Two significant forest industry reports that went nowhere

Combined

Both of these reports were published in 2005.

Both of these reports have (had??) significant potential impact upon the future of the Tasmanian blackwood industry.

Both of these reports contain important information and recommendations about reforms to the forest industry.

From what I have seen nothing from either of these reports has ever been implemented!!!

Ten years after these reports were published both are still available on Government websites as if they form the basis of current Government policy, but from what I can see neither of them are currently active.

The information and recommendations in these two reports has not been taken up and included in any forest industry policy documents (eg. FIAT), political party policies, nor in any farm lobby group policies (eg. the TFGA). Why not??

Tasmanian Government forest policy does not include any of the recommendations from these reports.

If only half of the recommendations from these two reports had been implemented the forest industry would be in a much better position today, and investment in the future of the blackwood industry would be a whole lot easier.

Here are the links to these two reports:

http://www.planningplantations.com.au/assets/content/plantations_sustainability/economic/ownership.html

(the link to the pdf report is at the bottom of the page)

http://www.agriculture.gov.au/forestry/australias-forests/plantation-farm-forestry/publications/farm_forestry_national_action_statement

Personally I think the future of long rotation plantations is looking more uncertain except in markets where high value appearance-grade timber is needed. Construction-grade timber is increasingly made from engineered wood products rather than solid wood; engineered from short-rotation plantation-grown wood.

But the market for long rotation appearance-grade timber is relatively small, especially if we are just talking about the domestic Australian market. The international market for quality appearance-grade timber is significant but is still dominated by the illegal trade in rainforest timbers.

The opportunity for supplying profitable, quality, farm-grown plantation grown Tasmanian blackwood into the export market is significant.
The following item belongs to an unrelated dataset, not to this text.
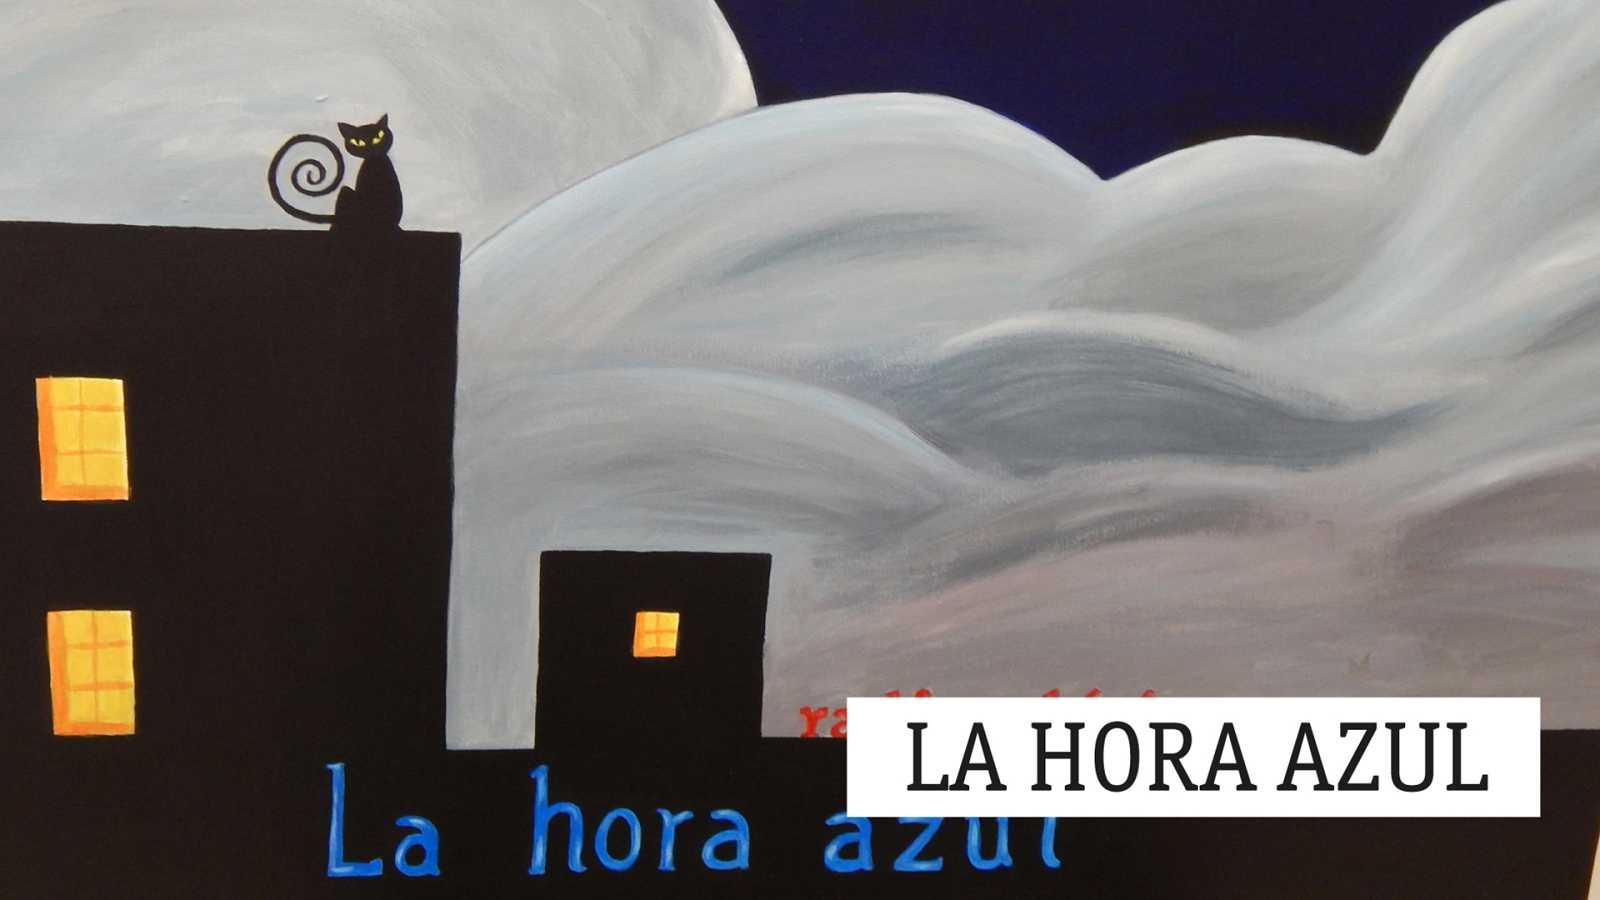 La hora azul - Dudamel, Antonio y Puccini - 12/02/21 - escuchar ahora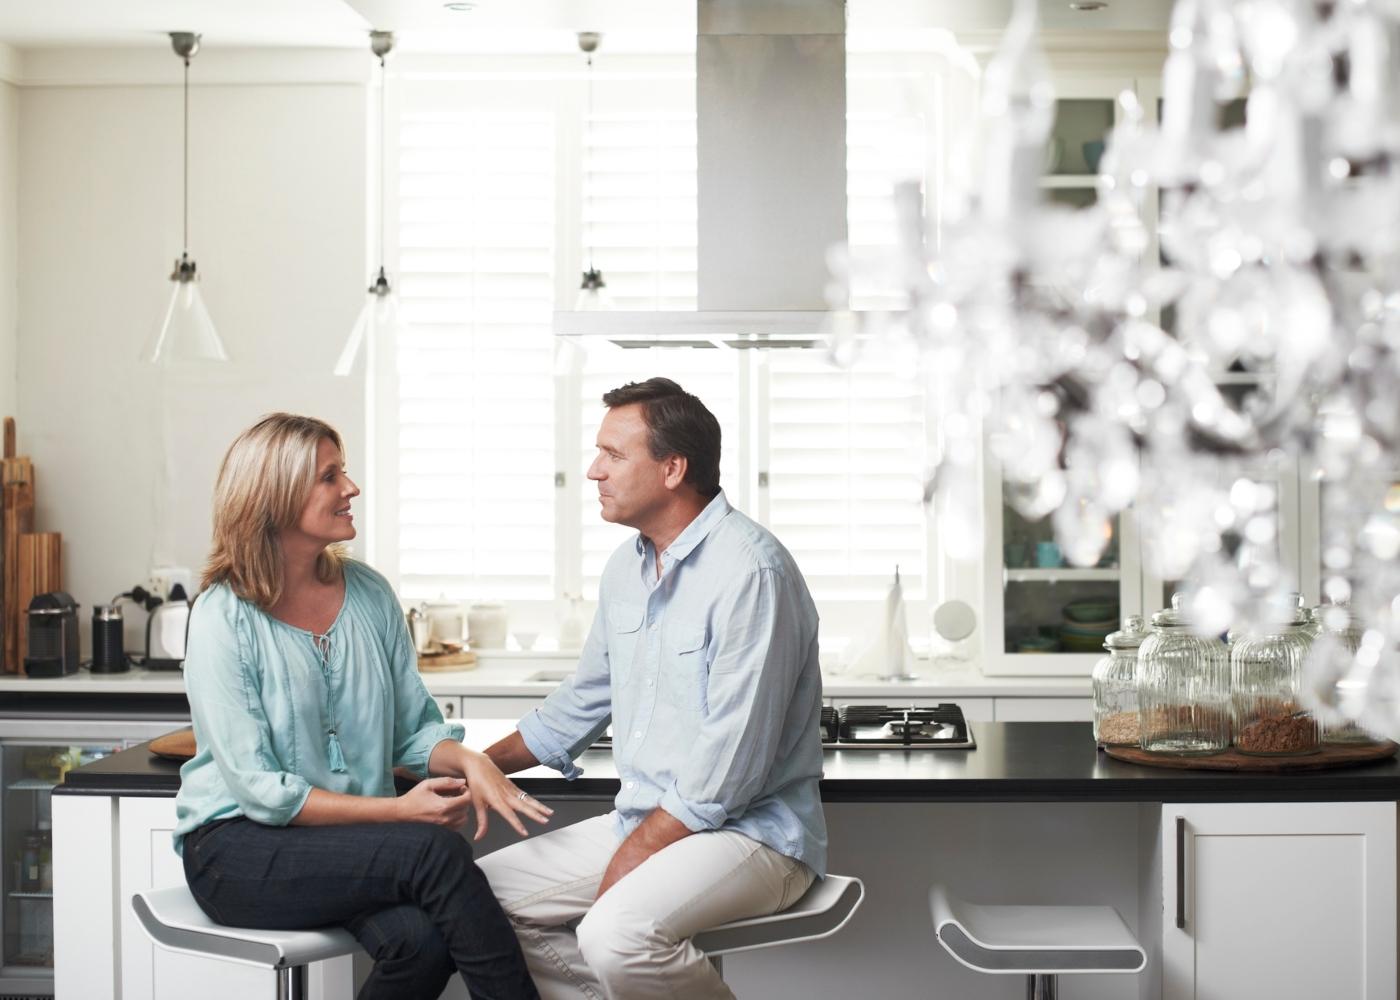 Discutir é saudável: casal a debater pontos de vista

And this is where the Farm Forestry National (In)Action Statement (NAS) becomes important.

To achieve the vision, the Australian, State and Territory governments and the forest and wood products industry need to progress 16 actions, grouped under four action imperatives:

  1. Develop appropriate, integrated and consistent Australian, State, Territory and local government policies for farm forestry;
  2. Coordinate actions and build relationships to support farm forestry;
  3. Recognise and, where possible, quantify farm forestry’s economic, environmental and social benefits and costs;
  4. Promote the development of markets for farm forestry products and services.

The 16 actions are broken down into 33 measurable outcomes, listing deadlines and who is responsible for implementing the outcomes.

None of it has been implemented!!

The Federal and all State Governments and the forest industry all signed up to do this.

So much for commitment!

So much for leadership!

Perhaps the Tasmanian Government and the Tasmanian forest industry should revisit the NAS and recommit to implementing its recommendations.